Solving this system under the condition r_1 < r_2 gives
r_1 = \frac{1}{2}, \quad r_2 = \frac{3}{4}.
Step 4: Compute the Required Terms a_6 and b_4
• a_6 = 4 \,(r_1)^{5} = 4 \times \left(\frac{1}{2}\right)^5 = 4 \times \frac{1}{32} = \frac{1}{8}.
• b_4 = 4 \,(r_2)^{3} = 4 \times \left(\frac{3}{4}\right)^3 = 4 \times \frac{27}{64} = \frac{27}{16}.

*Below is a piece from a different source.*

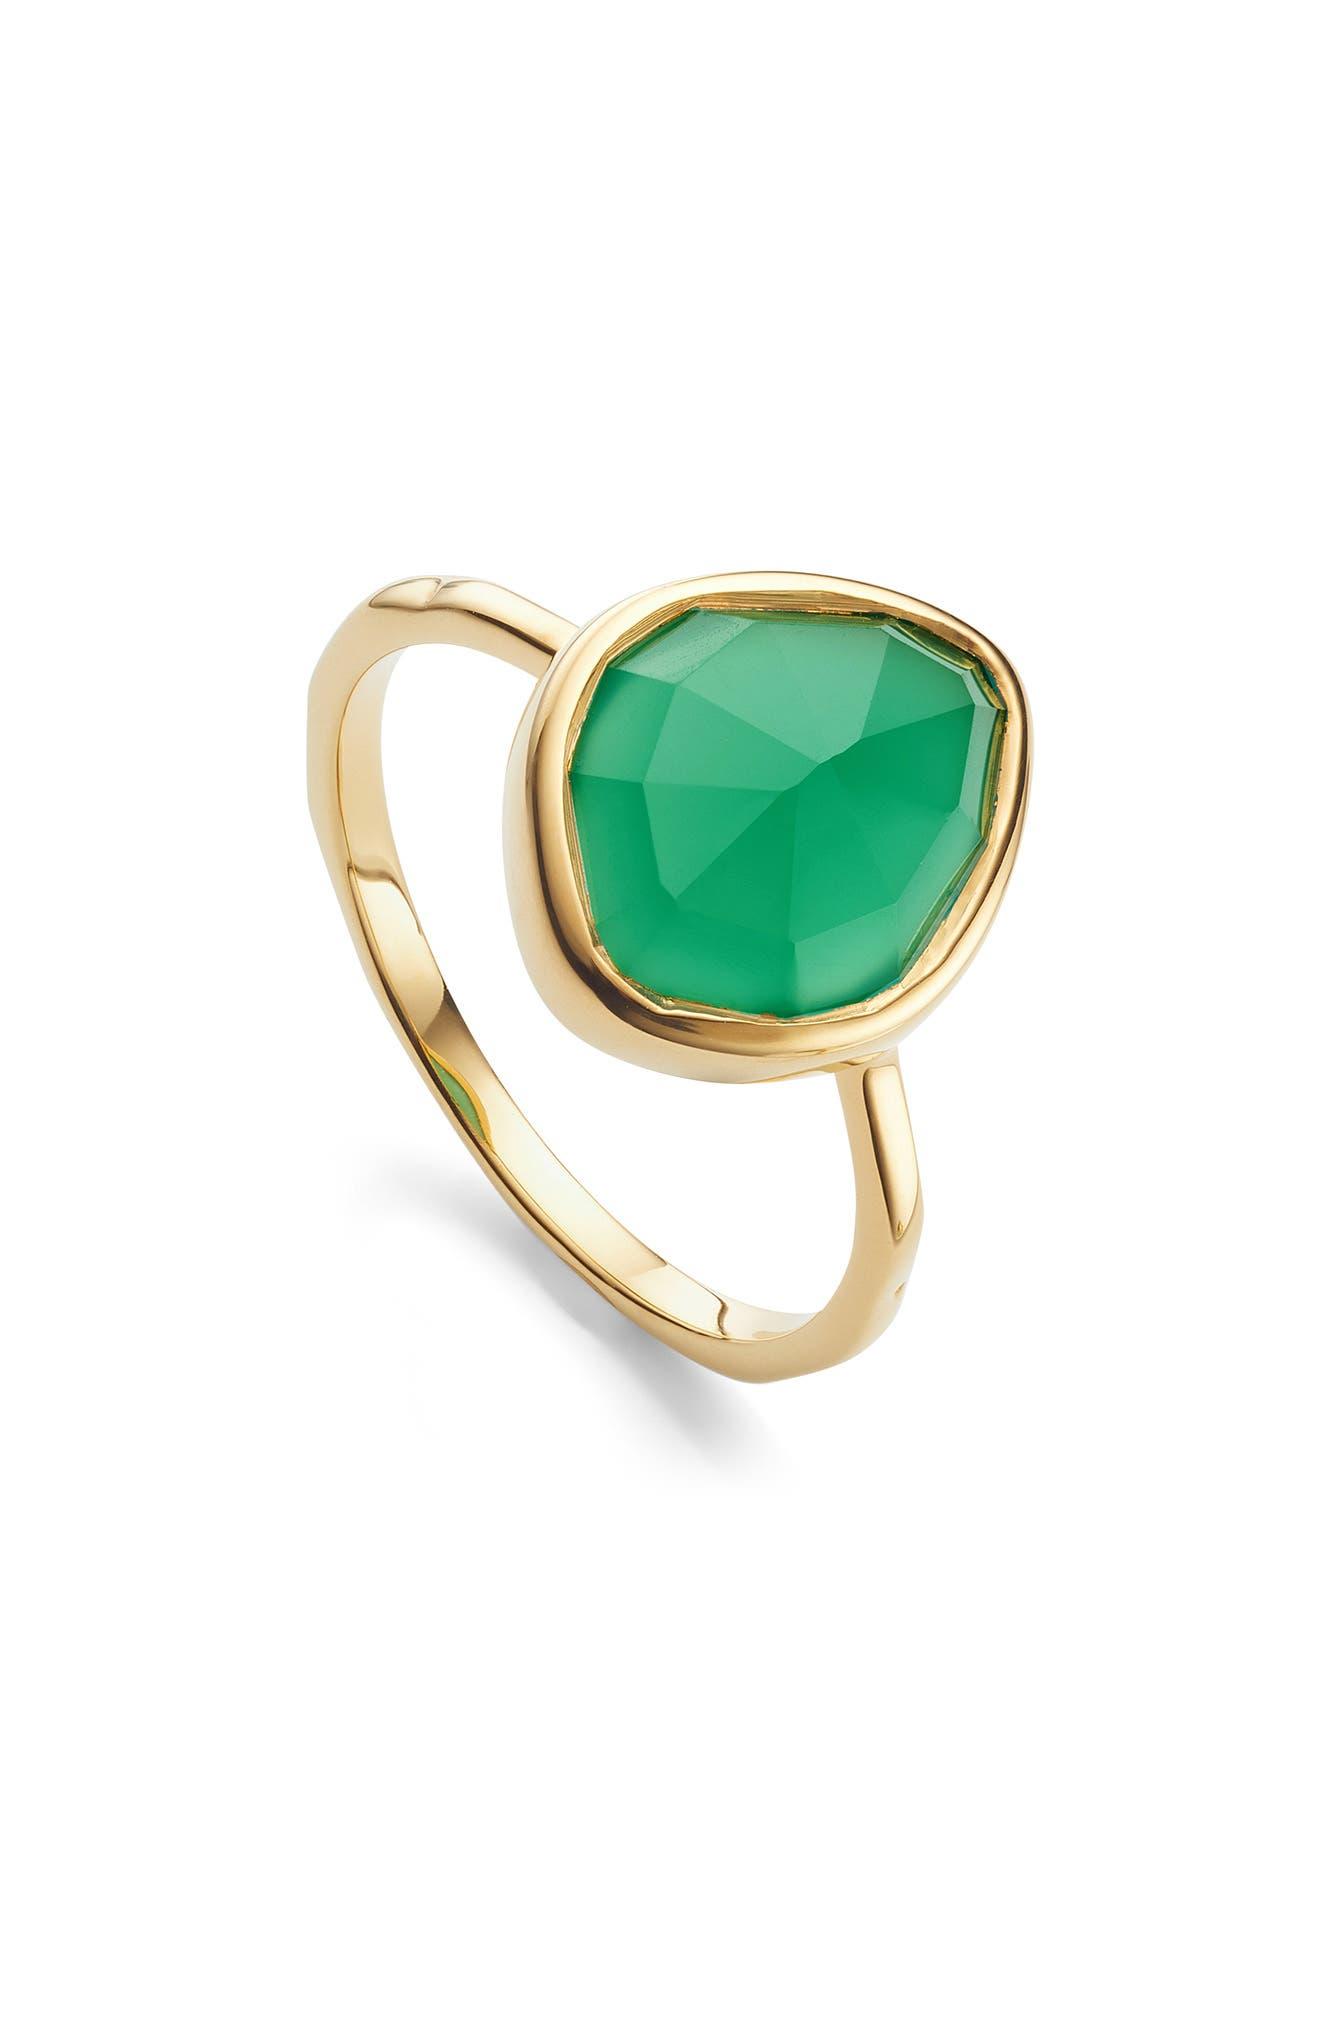 Siren Small Nugget Stacking Ring,                             Main thumbnail 1, color,                             Gold/ Green Onyx

Step 5: Calculate the Infinite Sum of c_k
Since c_k = 4(r_1)^{k-1} + 4(r_2)^{k-1} , the infinite sum is:
\sum_{k=1}^{\infty} c_k
= \sum_{k=1}^{\infty} \bigl[4(r_1)^{k-1}\bigr]
+ \sum_{k=1}^{\infty} \bigl[4(r_2)^{k-1}\bigr].
1. The sum of the G.P. 4(r_1)^{k-1} for k=1 to \infty is
4 \times \frac{1}{1 - r_1}
\quad
\text{since } |r_1| = \tfrac{1}{2} < 1.
Substituting r_1 = \tfrac{1}{2} :
4 \times \frac{1}{1 - \tfrac{1}{2}} = 4 \times 2 = 8.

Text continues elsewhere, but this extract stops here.